Von der Durchführung einer mündlichen Verhandlung wurde gemäß § 24 Abs. 4 VwGVG abgesehen, da der Sachverhalt aus der Aktenlage in Verbindung mit der Beschwerde hinreichend geklärt schien. Der entscheidungsrelevante Sachverhalt war damit weder in wesentlichen Punkten ergänzungsbedürftig noch erschien er in entscheidenden Punkten als nicht richtig. Zudem liegt eine Rechtsfrage von keiner besonderen Komplexität vor. Dem Entfall der Verhandlung stehen auch weder Art. 6 Abs. 1 EMRK noch Art. 47 der Charta der Grundrechte der Europäischen Union entgegen.

 

Zu B) Unzulässigkeit der Revision:

 

Gemäß § 25a Abs. 1 VwGG hat das Verwaltungsgericht im Spruch seines Erkenntnisses oder Beschlusses auszusprechen, ob die Revision gemäß Art. 133 Abs. 4 B-VG zulässig ist. Der Ausspruch ist kurz zu begründen.

 

Die Revision ist gemäß Art 133 Abs. 4 B-VG nicht zulässig, weil die Entscheidung nicht von der Lösung einer Rechtsfrage abhängt, der grundsätzliche Bedeutung zukommt.
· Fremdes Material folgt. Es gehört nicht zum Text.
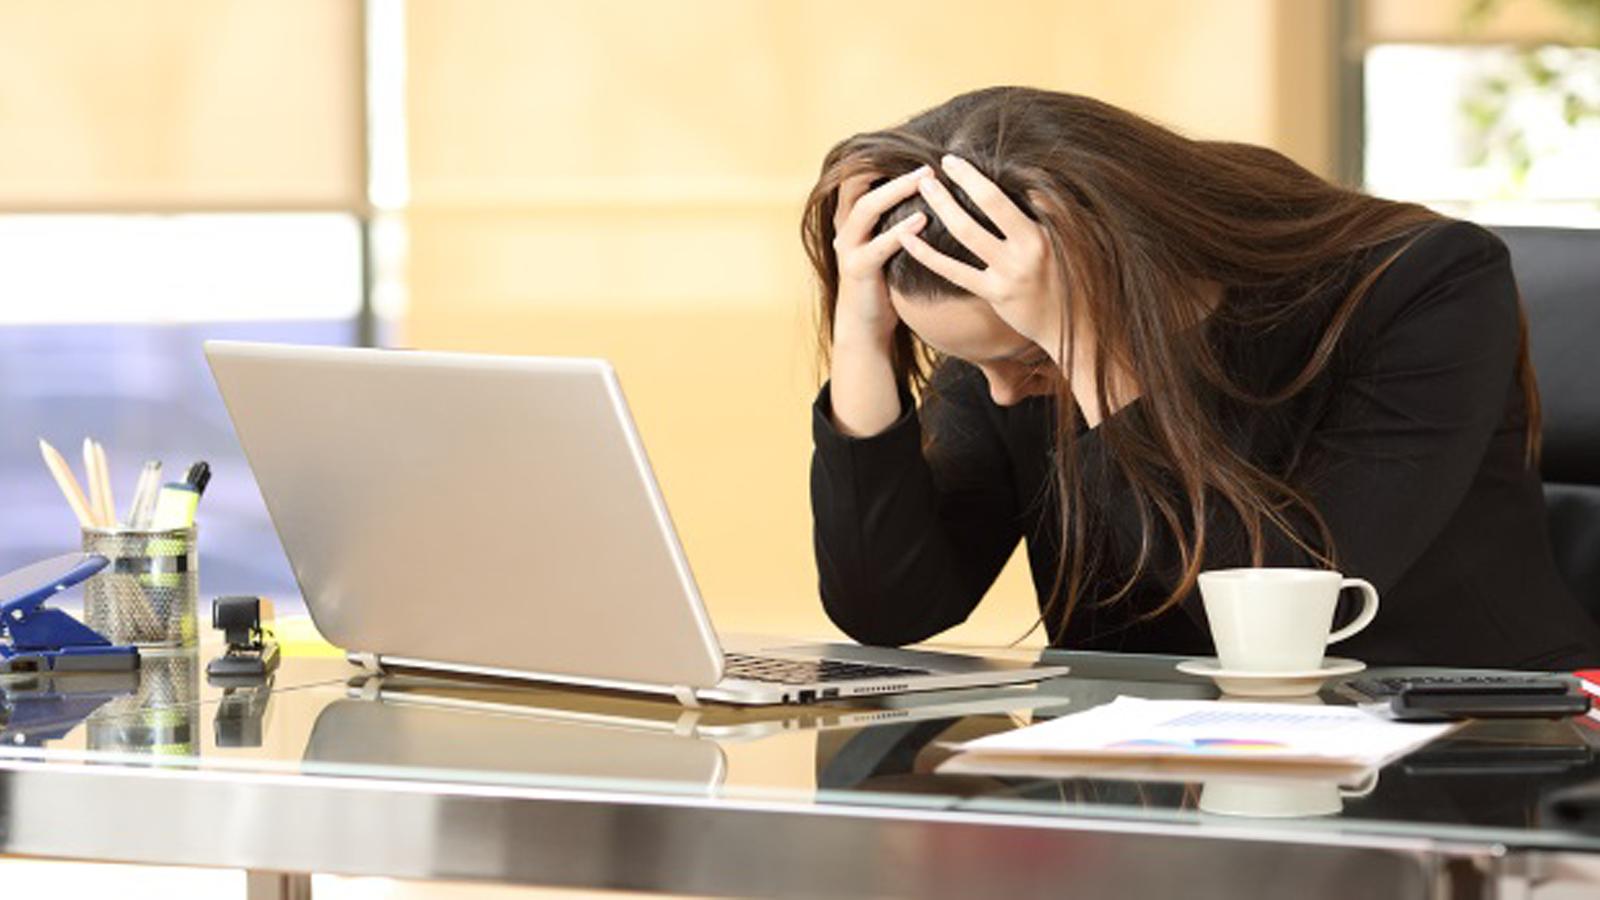 Kάλυψη πανδημίας: Η εξάρτηση των ΜΜΕ από έναν βασικό πελάτη αυξάνει τη ζήτηση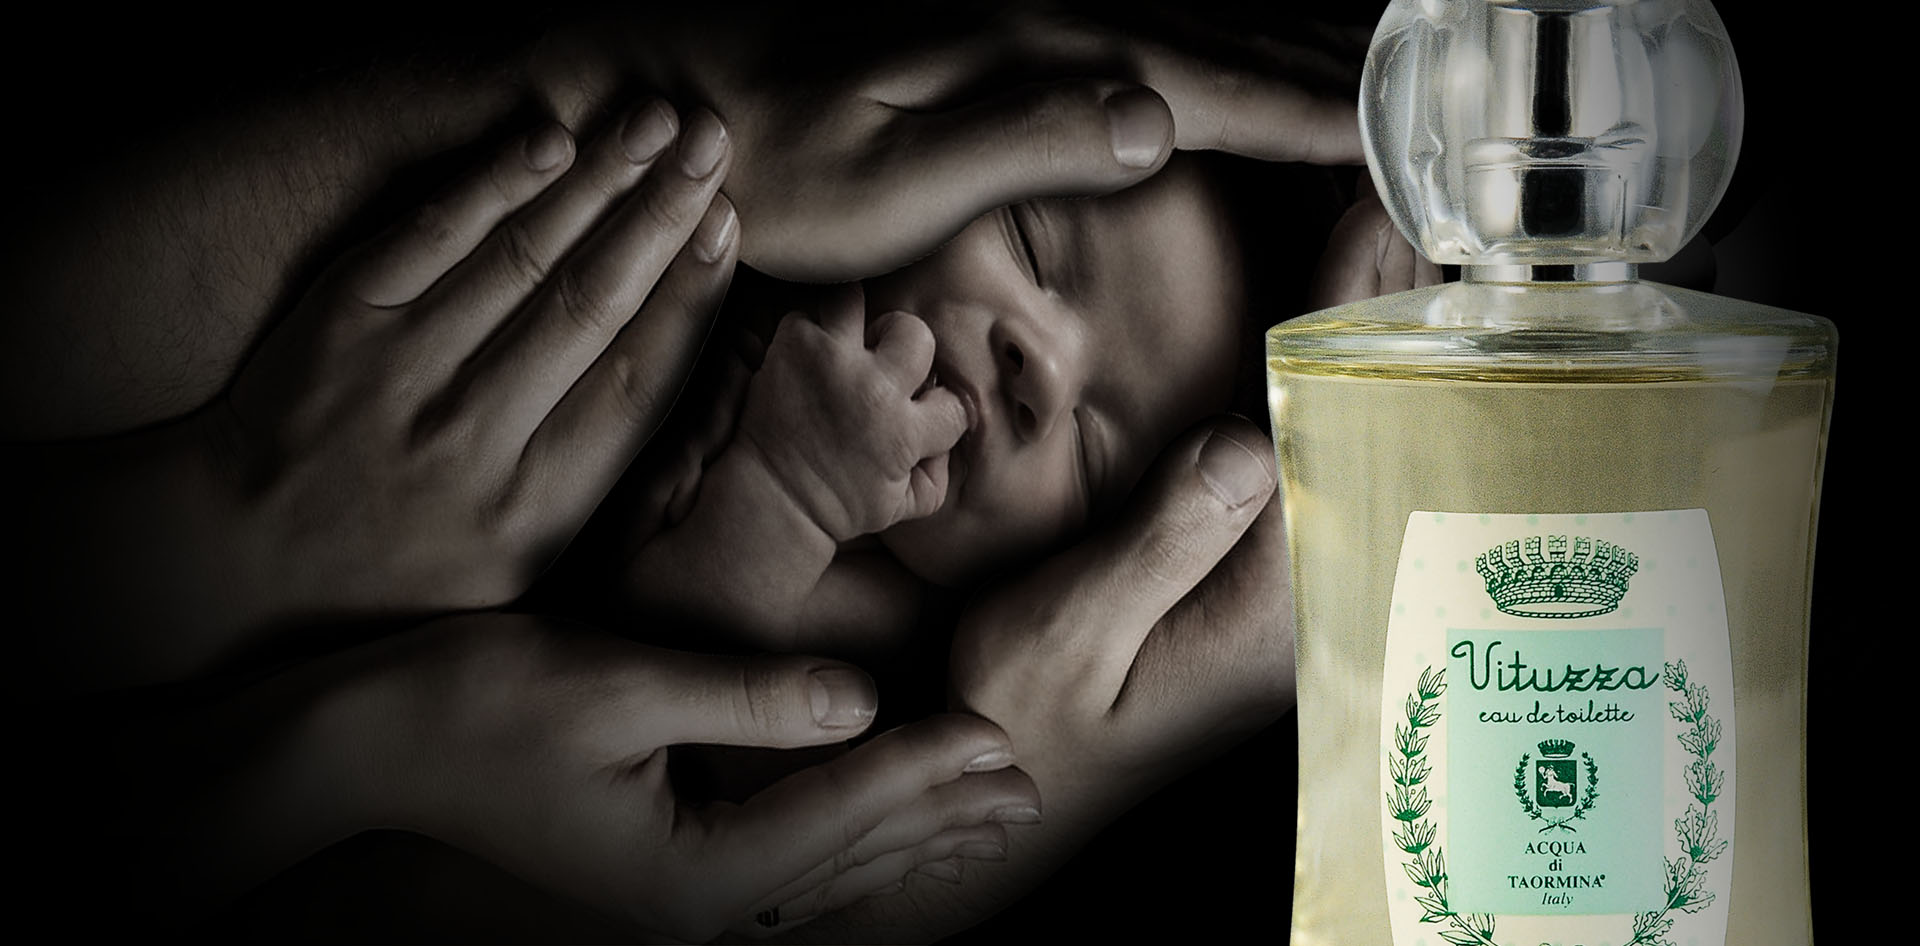 Acqua di Taormina parfums adt_vituzza-1 Acqua di Taormina Parfums

Weder weicht die Entscheidung von der bisherigen Rechtsprechung des Verwaltungsgerichtshofes ab, noch fehlt es an einer diesbezüglichen Rechtsprechung; weiters ist die vorliegende Rechtsprechung des Verwaltungsgerichtshofes auch nicht als uneinheitlich zu beurteilen. Auch liegen keine sonstigen Hinweise auf eine grundsätzliche Bedeutung der zu lösenden Rechtsfrage vor. In der rechtlichen Beurteilung zu Punkt A) wurde ausführlich auf die Judikatur des VwGH eingegangen und diese zitiert.

 

Es war daher spruchgemäß zu entscheiden.